IRI provided input to the NAIC’s E-Commerce Working Group in response to the Working Group’s summary and analysis following a state laws survey. IRI outlined three principal recommendations to the Working Group.
- Modernize or revise the affirmative consumer consent and reasonable demonstration requirements in the Uniform Electronic Transactions Act (UETA) and Electronic Signatures in Global and National Commerce Act (E-Sign).
Receiving electronic documents has become the preferred and expected method for many consumers. IRI believes that current requirements should optimize consumer experiences through default e-delivery of documents with an opt-out for consumers who prefer paper documents.
- Support electronic signatures vs. “wet signatures” whenever possible as a default method.

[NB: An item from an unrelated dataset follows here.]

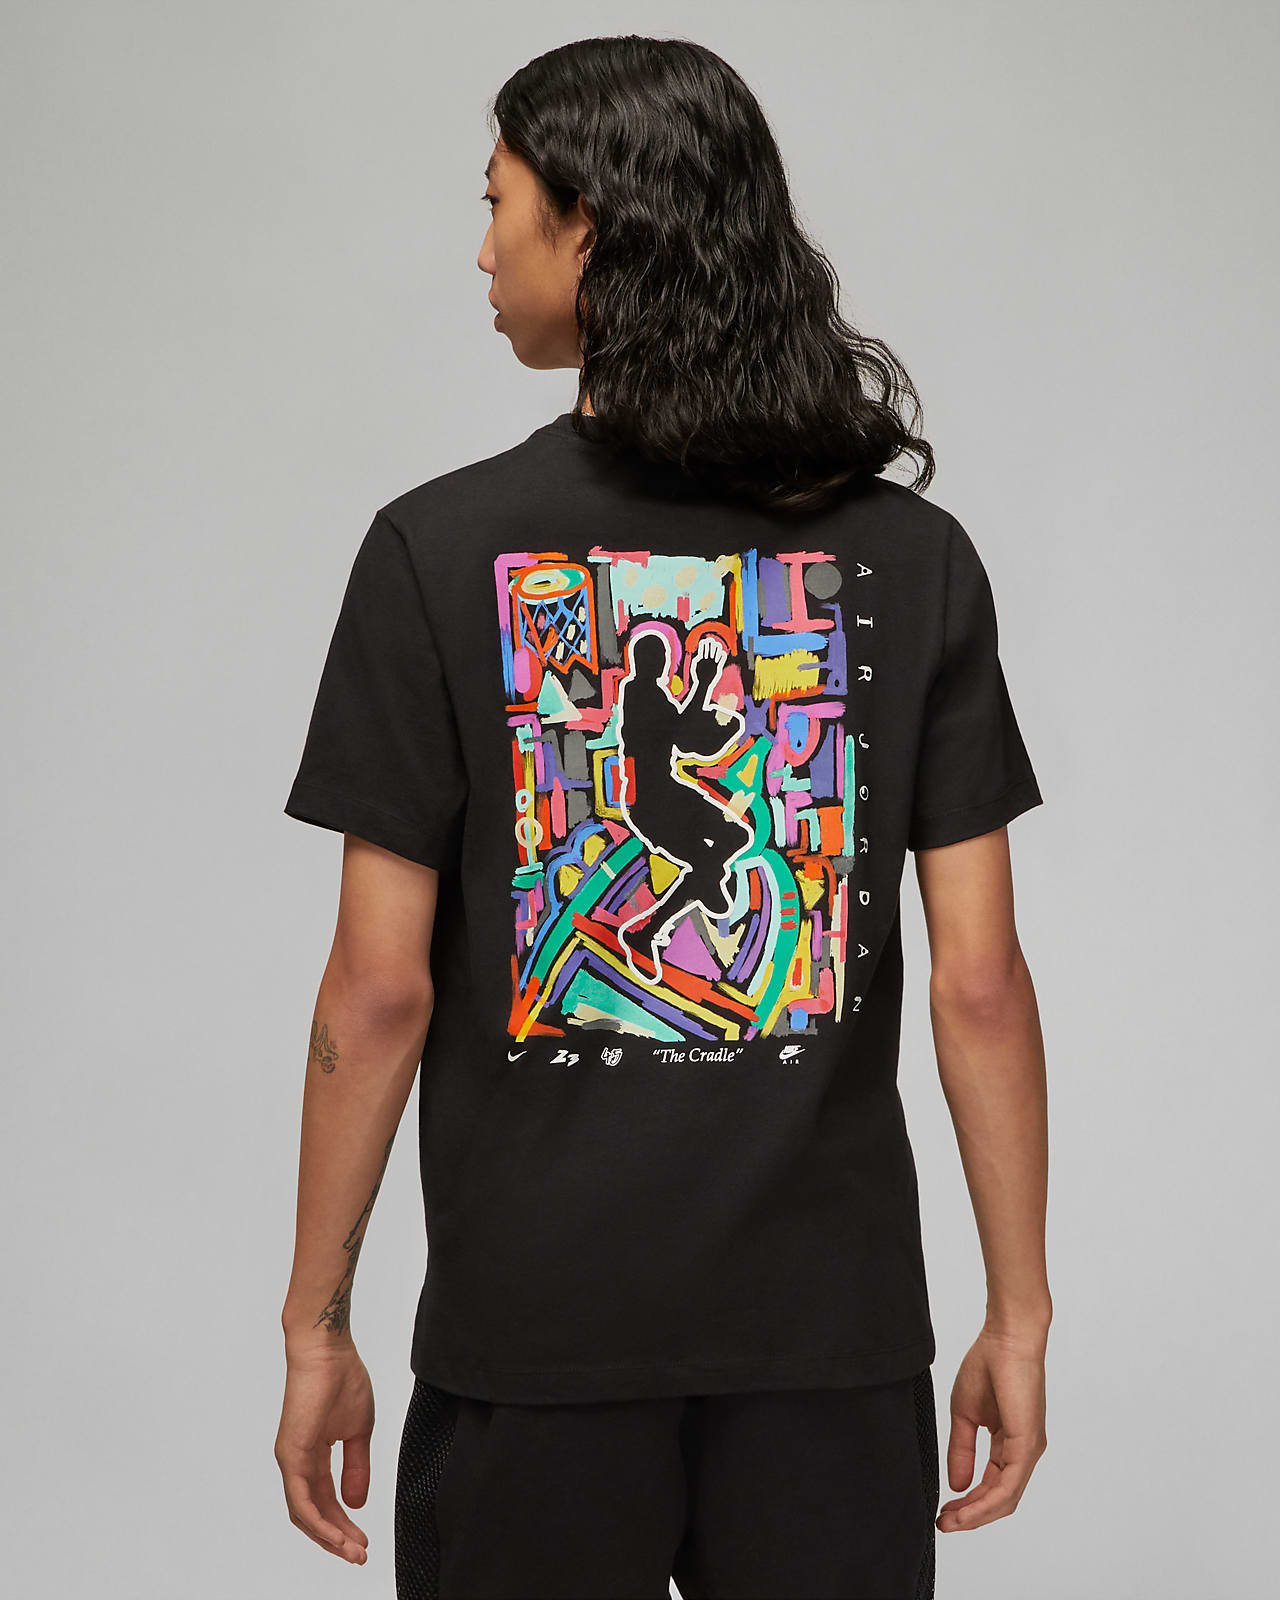 Nike公式 ジョーダン ブランド メンズ グラフィック Tシャツ オンラインストア 通販サイト

Like traditional “wet signatures,” several guardrails and consumer protections are built into an e-signature process when a consumer consciously decides to e-sign a document, even though the format is different. E-signatures may have tools, like an audit trail and a time and location stamp, that help identify or deter fraud.
- Clarify that all annuity-related disclosures and notices under NAIC model regulations do not require wet signatures or initials and may be delivered electronically.
Technology has evolved since the adoption of some model regulations. Therefore, IRI supports modernizing model regulations that address annuity-related disclosures and notices to keep them current. IRI also requested that the Working Group ensure that any Market Conduct Guidelines appropriately indicate that electronic delivery and signatures are sufficient to meet these requirements.
“We’d also like to reiterate our appreciation for the Working Group’s efforts to gather this information and examine what recommendations will be most meaningful for regulators, the industry, and consumers,” wrote Sarah Wood, IRI Director, State Policy & Regulatory Affairs.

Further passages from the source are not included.